Havia ali pintado […] o próprio Trimalchião, que na figura de um jovem

de longos cabelos, com o caduceu na mão, entrava em Roma, guiado

por Minerva. […] E no pórtico, ao fundo, Mercúrio, levantando

Trimalchião pelo queixo, transportava-o a um trono celeste. […] - Pedi

explicações do lugar a cerca das pinturas que se viam no átrio: -

Representam, respondeu-me, a Ilíada e a Odisseia [...] (PETRÔNIO,

1980:39).

Para justificar tamanha fortuna, e, por temor da ira divina em não demonstrar

devidamente sua gratidão a seus benfeitores, Trimalchião mitifica a si mesmo, se

autorrepresentando iconograficamente nas paredes de sua villa, onde é retratado por

meio de afrescos e mosaicos, desempenhando o papel de escolhido dos deuses, parte

que cabe ao herói. “Mas não vá se pensar por isso que me seja inteiramente estranha a

arte oratória; mesmo a literatura sempre estudei de boa vontade. A prova disso é que

possuo três bibliotecas: uma de obras gregas e duas latinas” (PETRÔNIO, 1980:55).

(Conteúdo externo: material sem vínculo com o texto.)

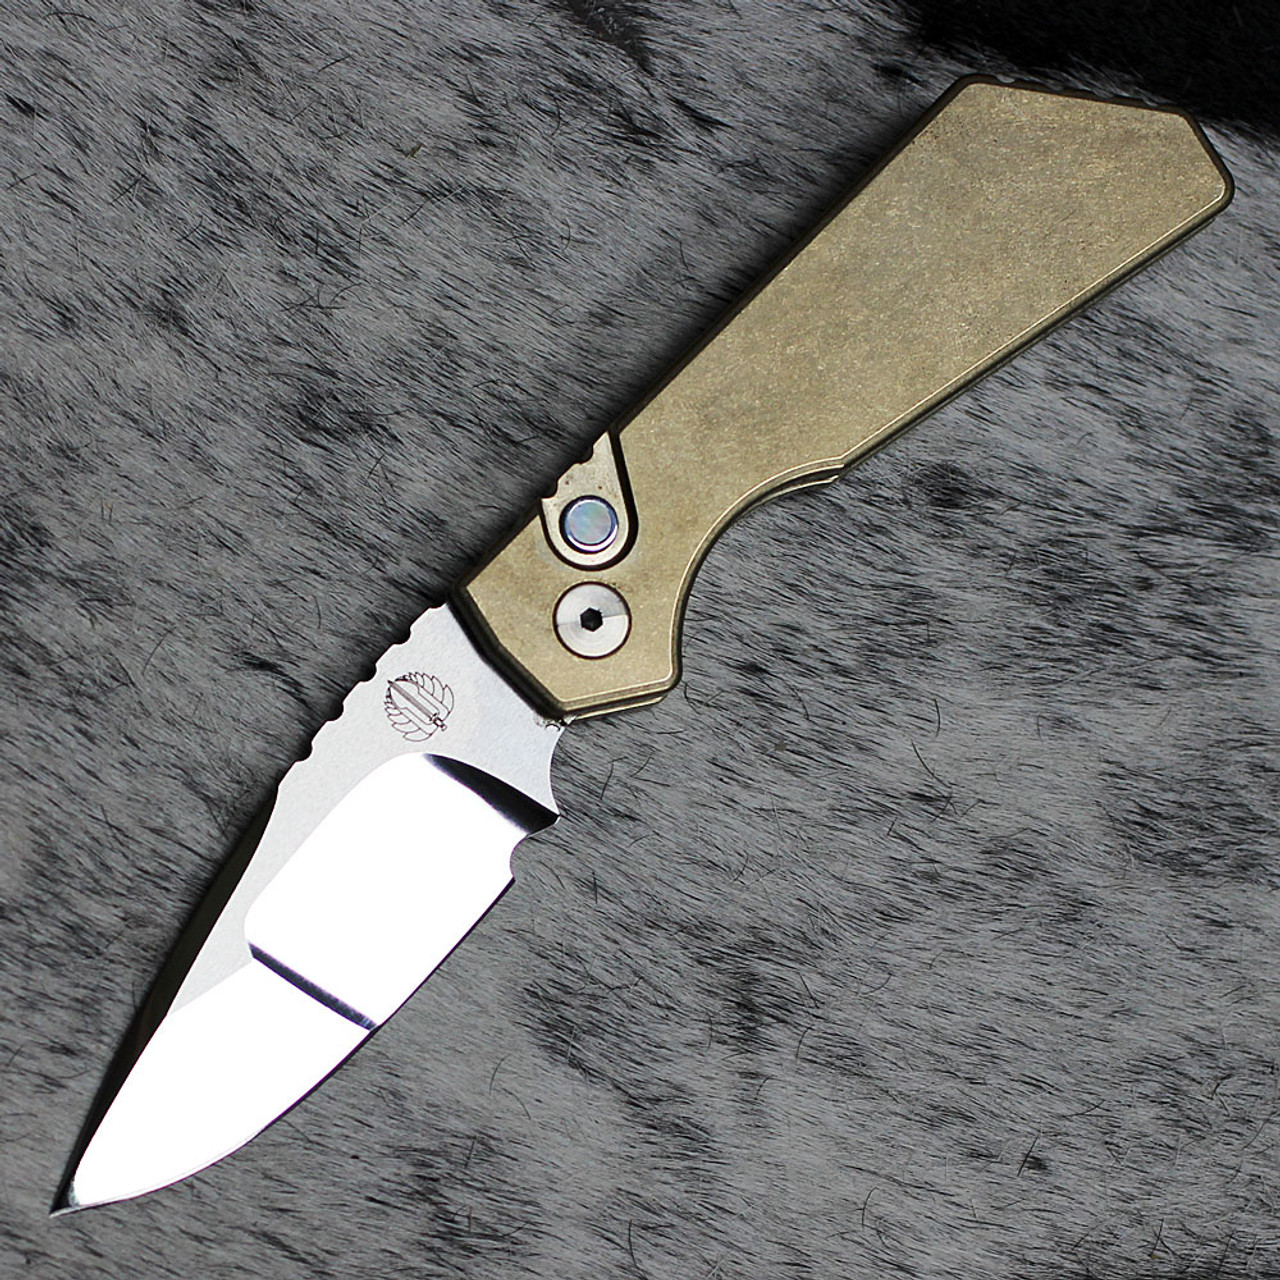 Pro-Tech 2023 Strider PT+.001 Custom - 3.94" CPM-154CM Hand Mirror Polished Drop Point Mike Irie Compound Ground Drop Point Blade, Stonewashed Finished Solid AlBronze Handle with Mother of Pearl Push Button

Como explícita forma de compensação por sua falta de cultura, Trimalchião enaltecerá

o fato de possuir, no sentido material, muita cultura, e não se exime em criar tolos

aforismos ou em enaltecer o caráter erudito de seu convito se fazendo valer de suas

posses.

- Amigos, bebei sem cerimônia; pois, se não, como poderiam nadar os

peixes que comemos? E acreditai que toda a minha ceia consiste nos

pratos que vistes no interior daquela vasilha? Será isso conhecer

Ulisses? Certamente: a filologia é necessária em todos os lugares,

mesmo na mesa (PETRÔNIO, 1980:46, grifo do tradutor).

Nesta citação podemos vislumbrar o caráter grotesco que Petrônio confere ao

anfitrião, por meio de sua deselegante tentativa em se fazer espirituoso ao incitar que

seus convidados bebam vinho, afinal, “como poderiam nadar (em nossos estômagos)

os peixes que comemos?”. Trimalchião prossegue, e, em tom moralizante, indaga seu

público de incultos endinheirados se a espetaculosa ceia que ele promovia era

constituída apenas de comida, quando na verdade, seu triclínio oferecia, acima de tudo,

cultura. Em forma de arte parietal, música, encenação homérica, danças exóticas,

atrações com os cozinheiros, declamação de poesia, inúmeros pratos inusitados

acompanhados de charadas, e assim por diante. A autoafirmação em forma de

pergunta será seguida por uma citação erudita de Virgílio (Eneida II), será isso

conhecer Ulisses?, seguida pelo comentário de que mesmo à mesa os clássico caem

bem. Vejamos, então, o regimento que conduz a comensalidade no Banquete de

Trimalchião.

3. Hospitalidade e pão

No regimento do banquete privado greco-romano são explicitadas duas

principais fruições: a alimentar, denominada ceia, e a filosófica, denominada simpósio

(comissatio, para os romanos). A fim de identificar e interpretar como a presença dos

mitos e dos ritos se configuram na esfera da alimentação e da comensalidade no

Banquete de Trimalchião, analisaremos algumas passagens do Canto VII, da Odisseia.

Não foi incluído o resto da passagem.